> _EXERCISE DIRECTIONS_
Apart from the pictures, the listing is to be returned exactly.

> _GIVEN DATA_
--- START ---

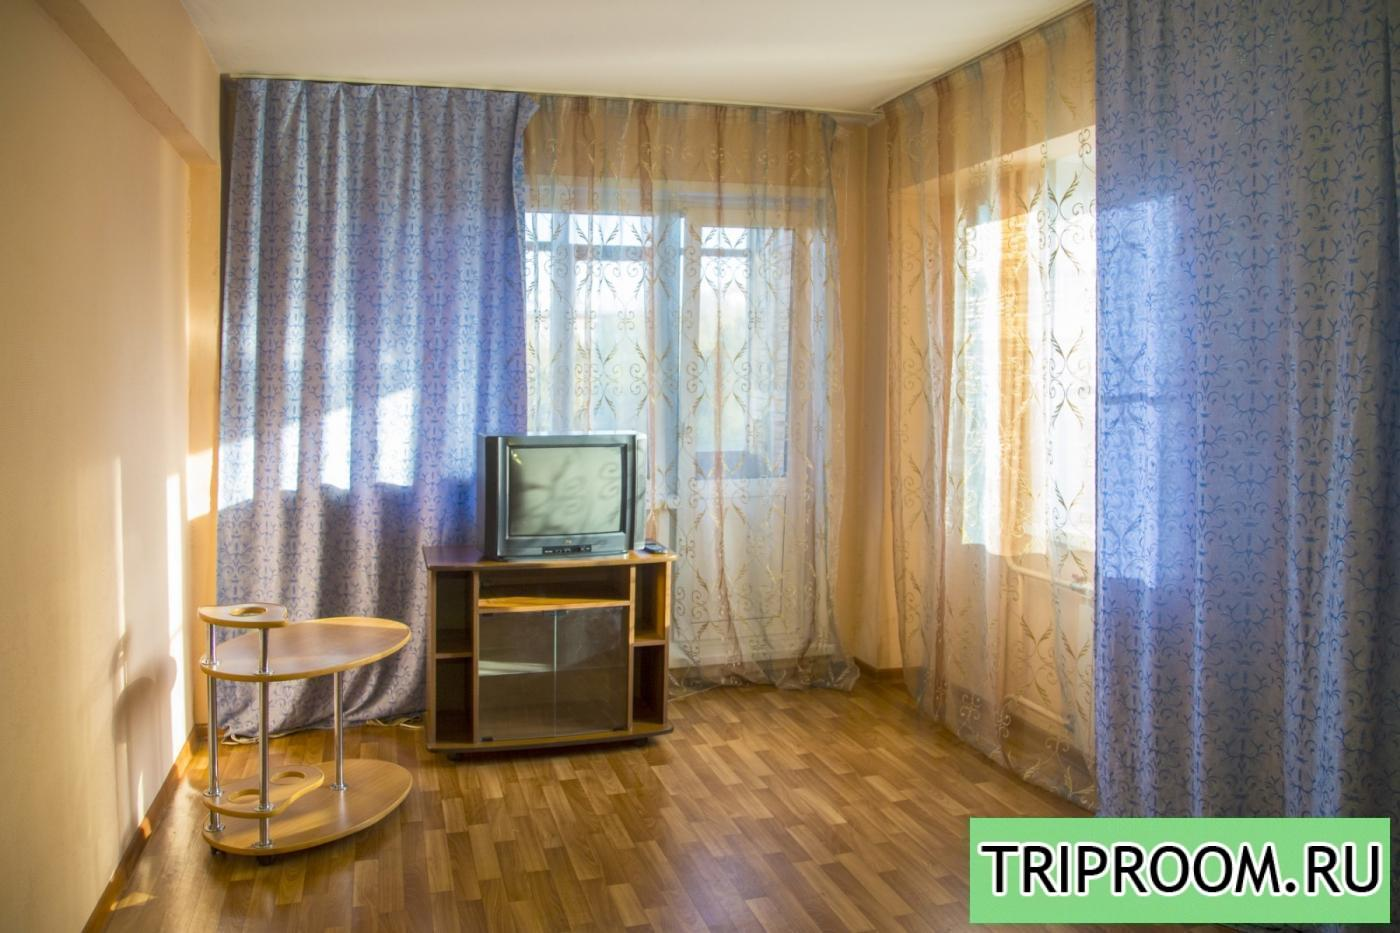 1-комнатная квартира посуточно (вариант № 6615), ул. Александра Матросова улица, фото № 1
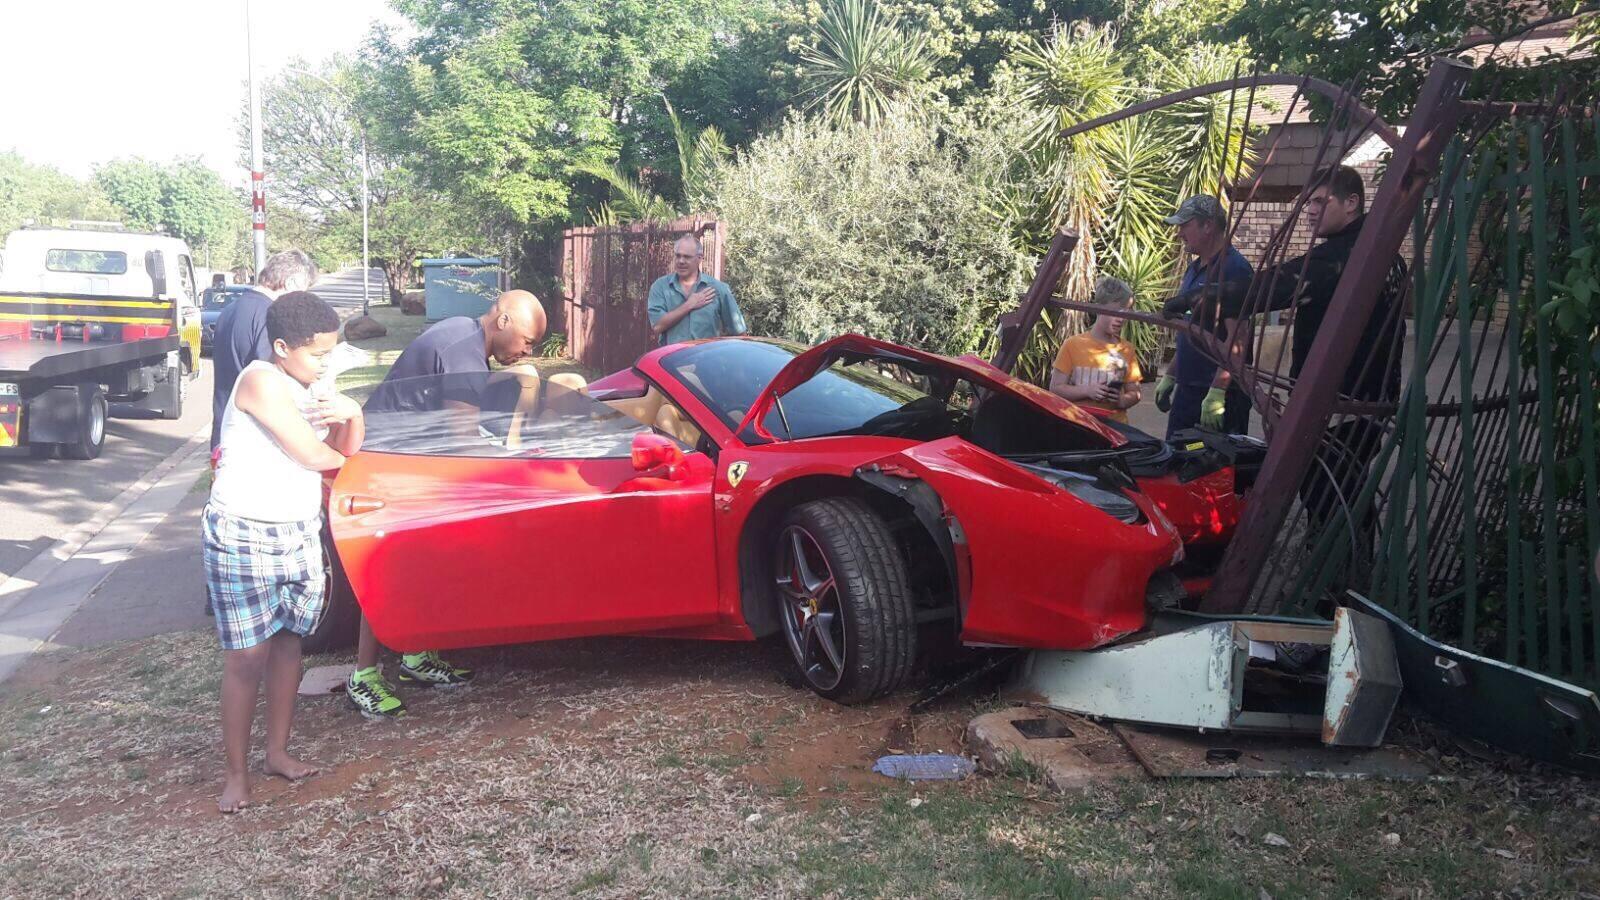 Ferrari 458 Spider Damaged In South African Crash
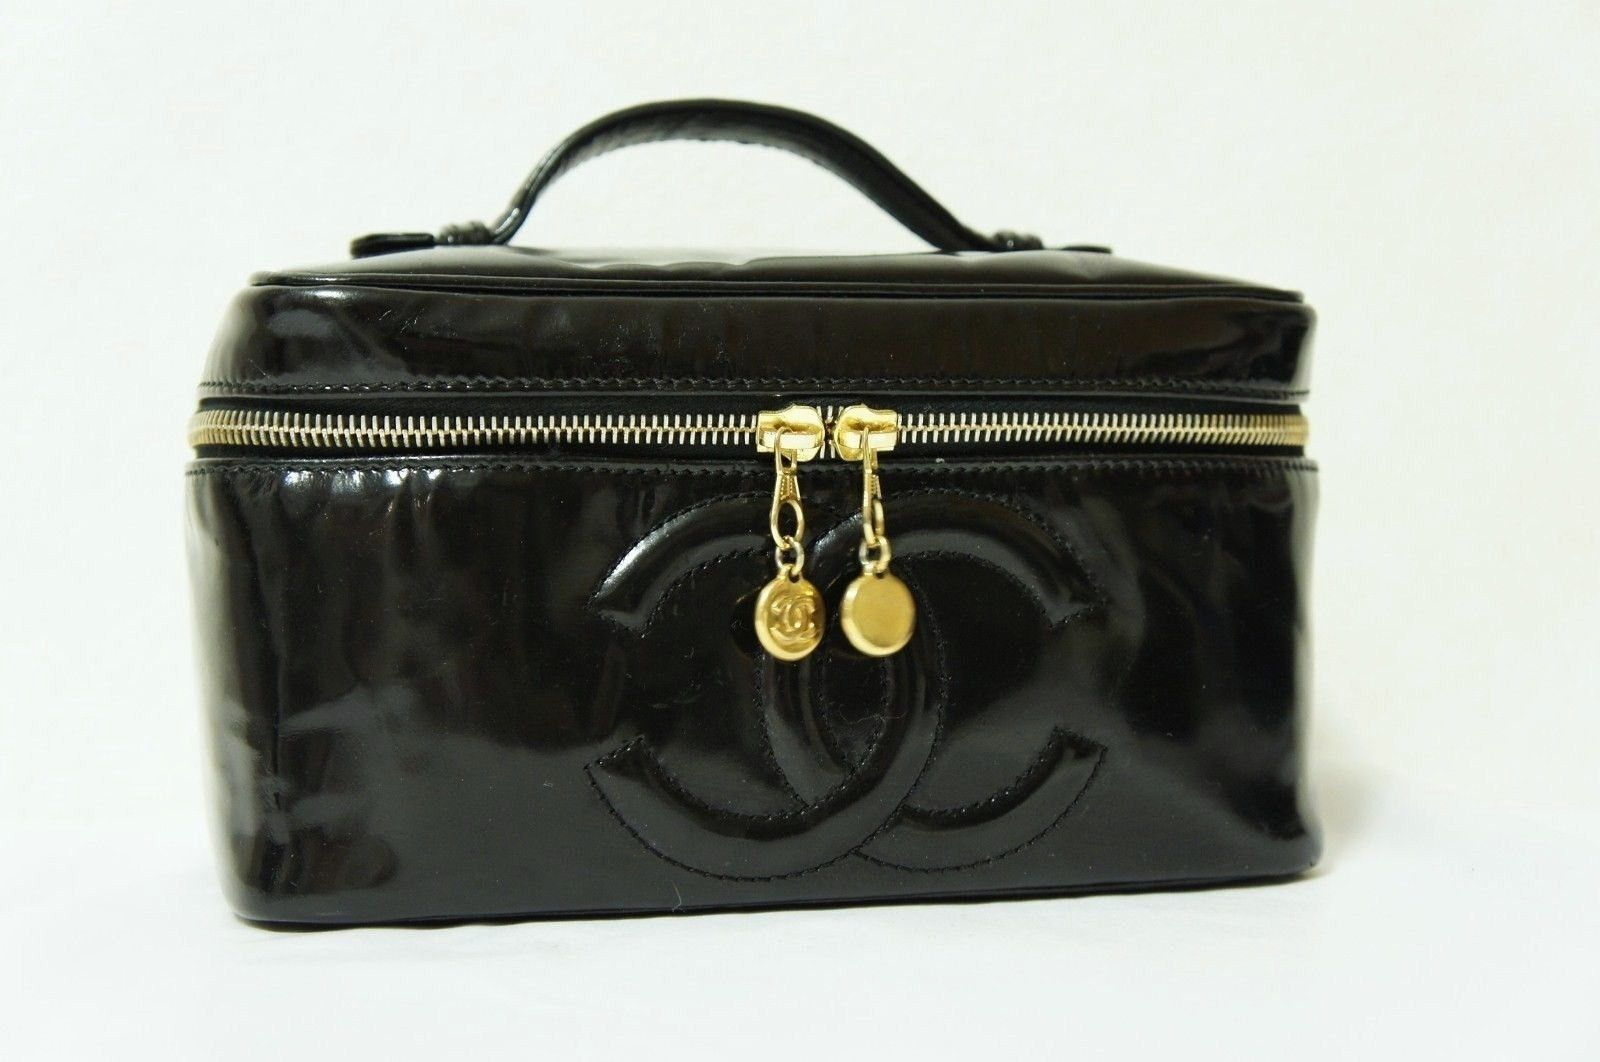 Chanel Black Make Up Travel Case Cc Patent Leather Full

--- END ---

> _ANSWER SECTION_
 1-комнатная квартира посуточно (вариант № 6615), ул. Александра Матросова улица, фото № 1
 Ferrari 458 Spider Damaged In South African Crash
 Chanel Black Make Up Travel Case Cc Patent Leather Full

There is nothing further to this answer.